UK watchdog launches probe into vital messages missing en route to India
By ANISunday, December 19, 2010
LONDON - The Information Commissioner’s Office (ICO), Britain’s privacy watchdog, has launched an investigation into claims that vital emails between senior executives and journalists on the News of the World have been “lost” while being transported to India.
Experts fear the missing emails - on computer hard disk drives that have reportedly vanished - could have major implications for the multiple investigations into claims the newspaper was involved in widespread hacking into the phone messages of targets from the worlds of politics, royalty and entertainment.
The investigation, according to The Independent, will add to mounting pressure on Andy Coulson, press secretary to the Prime Minister, David Cameron, and a former editor of the News of the World.

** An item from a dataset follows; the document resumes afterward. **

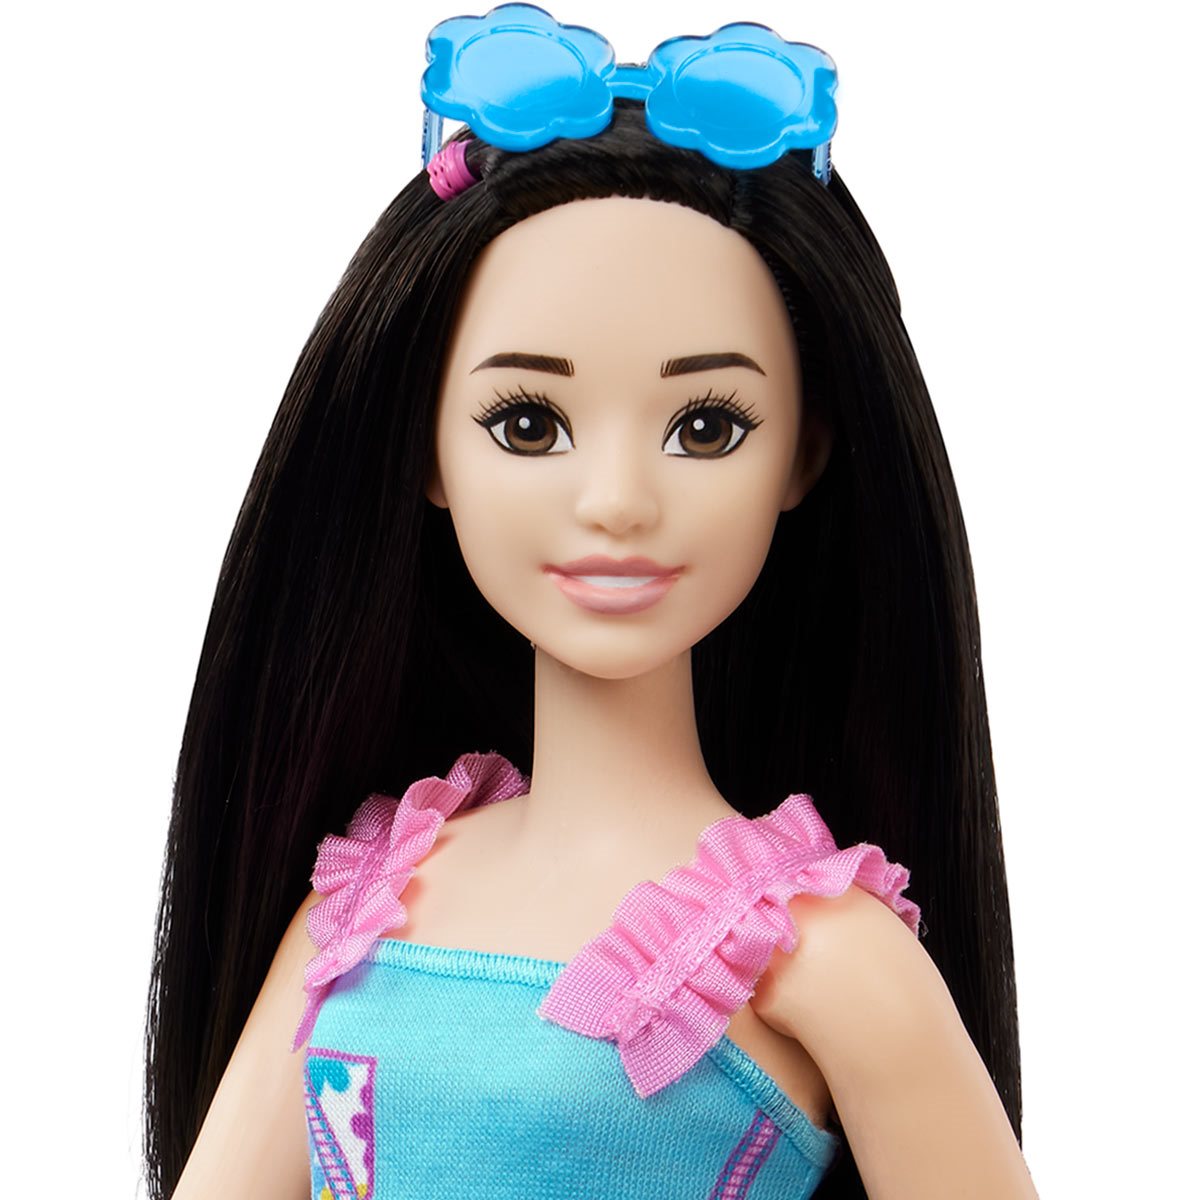 Barbie  28inch Best Fashion Friend Doll  Black Hair  JP61022  Toys  4You Store

Coulson, who denies any knowledge of the hacking, resigned from his post after Clive Goodman, the paper’s former royal correspondent, was convicted of hacking the phones of Prince William’s aides.
The latest investigation comes just days after lawyers acting for the actress Sienna Miller lodged a document at the High Court in London, saying they had found new evidence that would justify bringing prosecutions against other journalists from the Rupert Murdoch-owned paper.
The loss of the emails was revealed during the perjury trial of the former Scottish Socialist Party leader Tommy Sheridan.
Sheridan claims the newspaper targeted him and that his personal phone records were hacked by a private investigator hired by the News of the World.
The revelations could add to the pressure on the Crown Prosecution Service to reopen the long-running News of the World phone-hacking case, after it announced earlier this month that there would be no further charges over the allegations.
The ICO confirmed that its head of enforcement is now investigating the complaint and would pursue it when the Sheridan trial finishes. (ANI)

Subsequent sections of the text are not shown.